SMGFM: Spectral Multimodal Graph Pretraining for Multimodal-Attributed Graphs

Multimodal-attributed graphs (MAGs) couple graph topology with node semantics from text, images, and other modalities. Traditional graph learning contextualizes node semantics by coupling topology with node features. However, this coupling design becomes troublesome in MAGs, where structure-induced and modality-intrinsic semantics may contribute differently to downstream tasks. Structure-induced semantics promote relational consistency through smooth topological variation, whereas modality-intrinsic semantics often encode local, fine-grained distinctions that should not be uniformly smoothed or aligned. Therefore, the key challenge is to identify semantic roles before cross-modal fusion. To this end, we leverage graph-frequency variation as a prior, where low-frequency components capture topology-consistent semantics and high-frequency components preserve modality-specific semantics. Based on this intuition, we propose SMGFM, a spectral multimodal graph pretraining framework that decomposes each modality-specific node signal into graph-frequency bands and assigns band-level semantic roles before cross-modal interaction. Concretely, SMGFM constructs frequency-resolved modality tokens with scalable Chebyshev filters, estimates their coupling reliability through topology-conditioned routing, and performs band-modality interaction before fusion. Its frequency-routed objectives align smooth consensus routes while preserving modality-specific routes, mitigating spatial-domain entanglement and uniform cross-modal alignment. Extensive experiments conducted on the MAG datasets demonstrate that SMGFM achieves state-of-the-art performance across graph-level and modality-level tasks.
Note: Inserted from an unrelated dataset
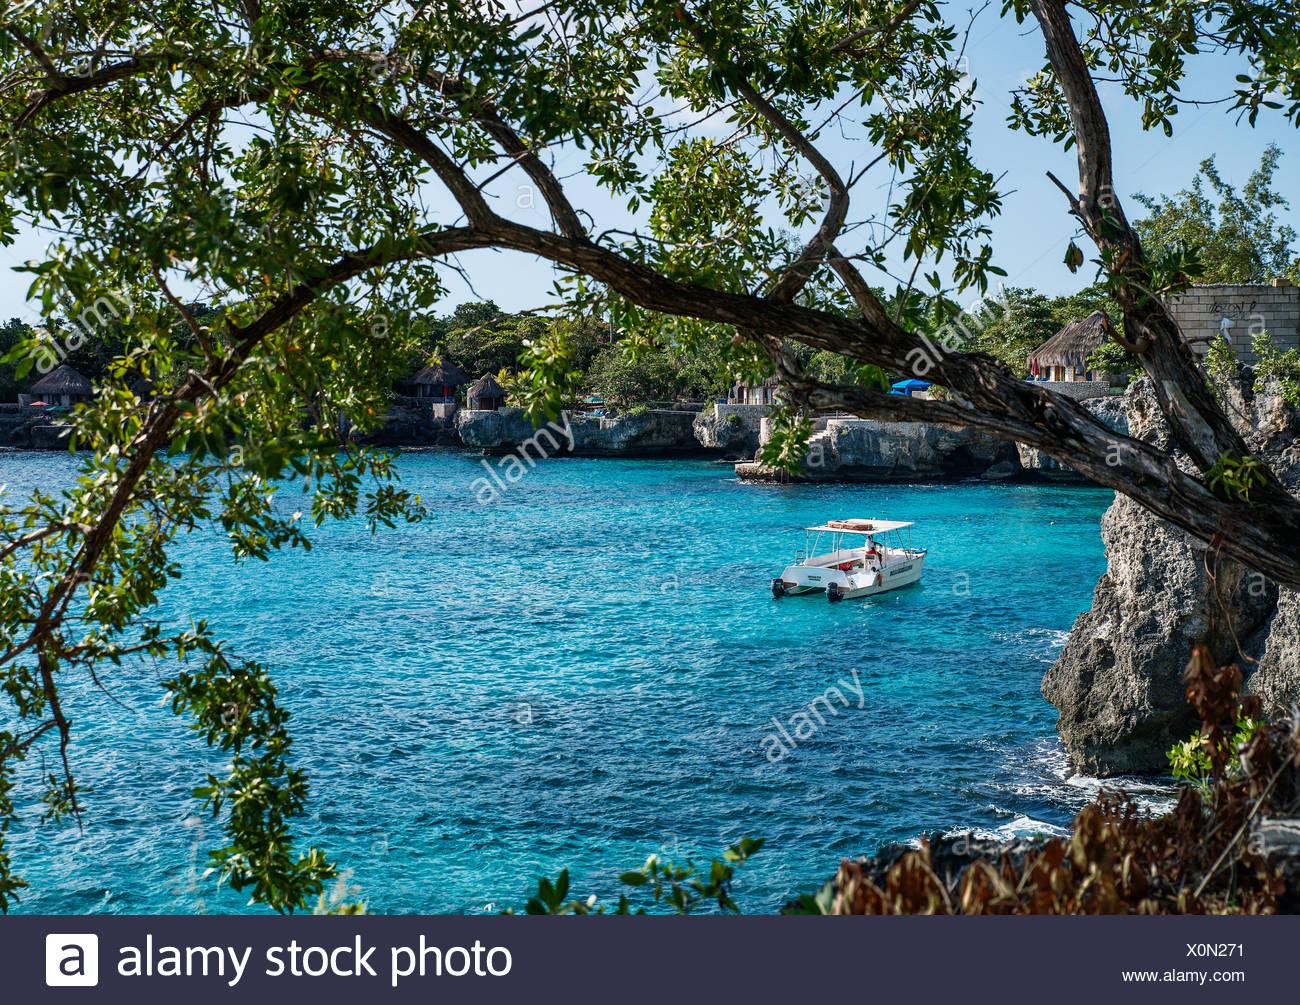 West end coastsline, Negril, Jamaica - Stock Image

翻译：多模态属性图谱通过文本、图像及其他模态将图拓扑结构与节点语义相耦合。传统图学习通过拓扑与节点特征的耦合来语境化节点语义，但这种耦合设计在多模态属性图谱中会带来问题——结构诱导语义与模态固有语义可能对下游任务产生不同贡献。结构诱导语义通过平滑拓扑变化促进关系一致性，而模态固有语义通常编码局部细粒度差异，不应被统一平滑或对齐。因此，关键挑战在于跨模态融合前需识别语义角色。为此，我们以图谱频率变化作为先验知识，其中低频分量捕获拓扑一致性语义，高频分量保留模态特异性语义。基于这一直觉，我们提出SMGFM——一种频谱多模态图预训练框架，该框架先将各模态特有节点信号分解为图谱频带，再在跨模态交互前为各频带分配语义角色。具体而言，SMGFM利用可扩展切比雪夫滤波器构建频率解析模态标记，通过拓扑条件路由估计其耦合可靠性，并在融合前执行频带-模态交互。其频率路由目标函数在保留模态特异性路径的同时对齐平滑共识路径，从而缓解空间域纠缠与统一跨模态对齐问题。在多个多模态属性图谱数据集上的大量实验表明，SMGFM在图级与模态级任务中均达到最优性能。